The main point of this is narrowing the search space. Production systems are usually far larger than we can fit in our heads at one time. By narrowing it down, we can make the context small enough to be able to work more effectively.

So, what we do is form a hypothesis of where the bug is. Some questions that we can form hypotheses around:

  • Which component of our system contains the bug? Is it just one, or multiple?
  • Is the bug in the component, or in the interactions between components?

Early on, you want to bisect the system. Make a hypothesis that allows you to eliminate as many locations as possible, ideally close to 50% of the system. This lets you do a sort of binary search for the bug and make rapid progress narrowing it down.

5. Test your hypothesis

Once you have a hypothesis about where the bug is, you can test the hypothesis. Locate the component in question and validate input/output. Is the bug here, or is it somewhere else?

This can be tricky and nuanced, because you might not have full visibility into what's going on to test your hypothesis. Don't be afraid to modify what's running to get more information! A lot of people are nervous to do this, but it's important to remember: the power of software is that we can change it, including adding more debug logs. Just make sure you reproduce the bug again after your modifications, otherwise your changes may hide the bug even if apparently unrelated3.

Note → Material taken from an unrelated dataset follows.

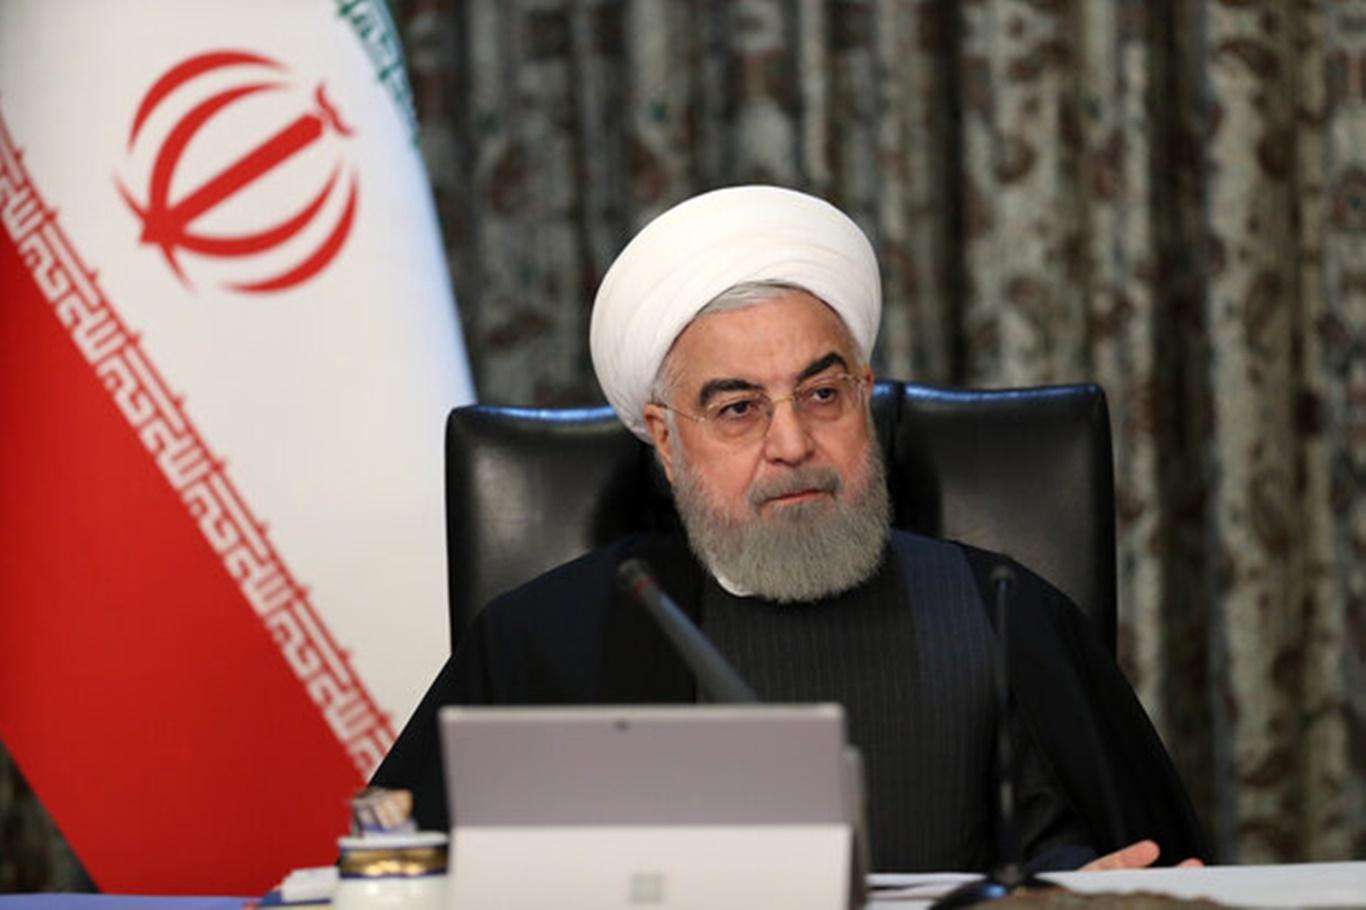 Rouhani: The lifting of arms embargo is a victory of the logic of right, law, rationality
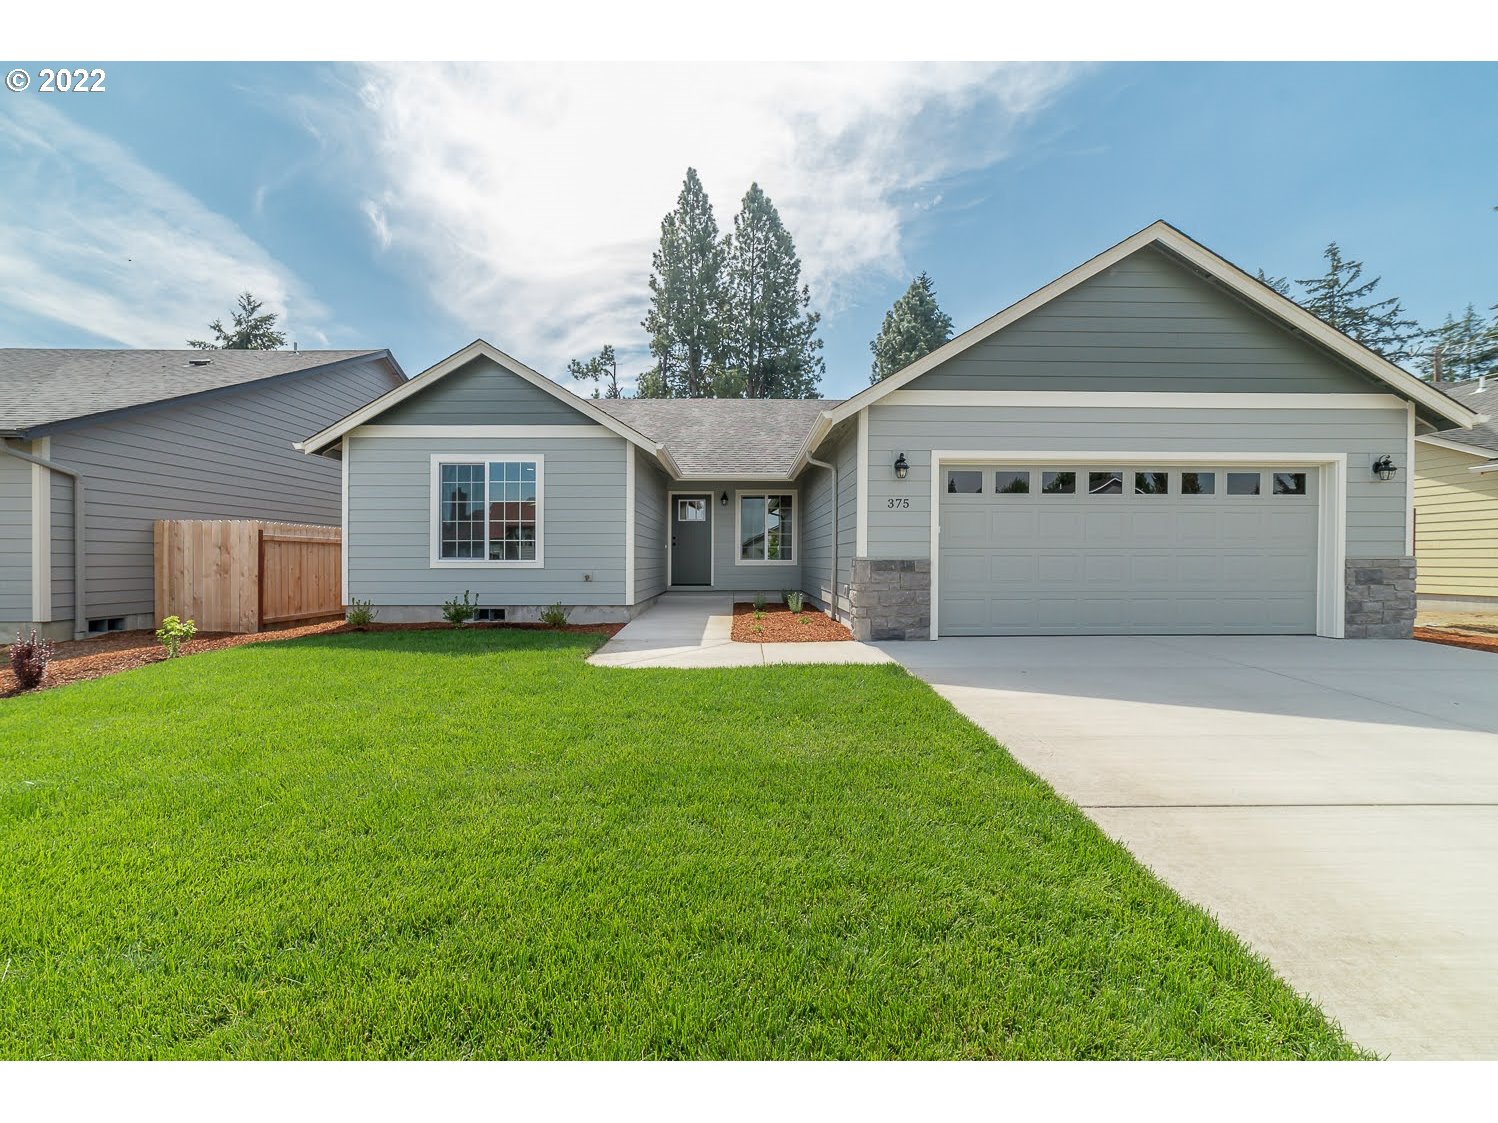 375 OWENS WAY, Creswell, OR

Now we repeat until we find the location of the bug and zero in on it. Whether you validate or invalidate your hypothesis, you gain information which lets you construct another, narrower, hypothesis! We keep going back to forming hypotheses (or gathering more information) until we are quite close to the bug. As you repeat, you may shift from location to behavior-based hypotheses; this is natural and okay as long as you keep gaining information and not just ruling out one particular cause of the bug.

6. Fix the bug!

Now we get to the final stage. We know what the bug is, how to reproduce it, how the system works, and where the bug is. All that's left is to fix it!

This is hopefully the easy part once you've gotten here. If it's a "simple" bug, then this is straightforward coding. Sometimes the bug belies a deficiency in the design of the system, and then it's a lot more challenging to fix, but at least you're armed with the information you need to fix or mitigate it.

This stage may also sometimes kick you back to an earlier stage, if attempting to fix it reveals that it's not where you thought or that there are other interacting pieces. You might be going back and repeating steps, but it's all forward progress. Repeat as many times as needed.


That's my general process! One of the things I like about it is that it isn't specific to software at all, outside of tools you choose to use. You can apply this process to debugging systems in general, and it's a good systematic approach to problem solving. You learn a lot along the way, too!


1

When I returned from my sabbatical at RC, there were a couple of bugs where people said "oh, we were saving this one for when you got back!"

2

This does assume that you have less restricted access on your local environment than production. You don't have root in prod... right?

3

Gotta love these ones, and there's a term for them: Heisenbugs.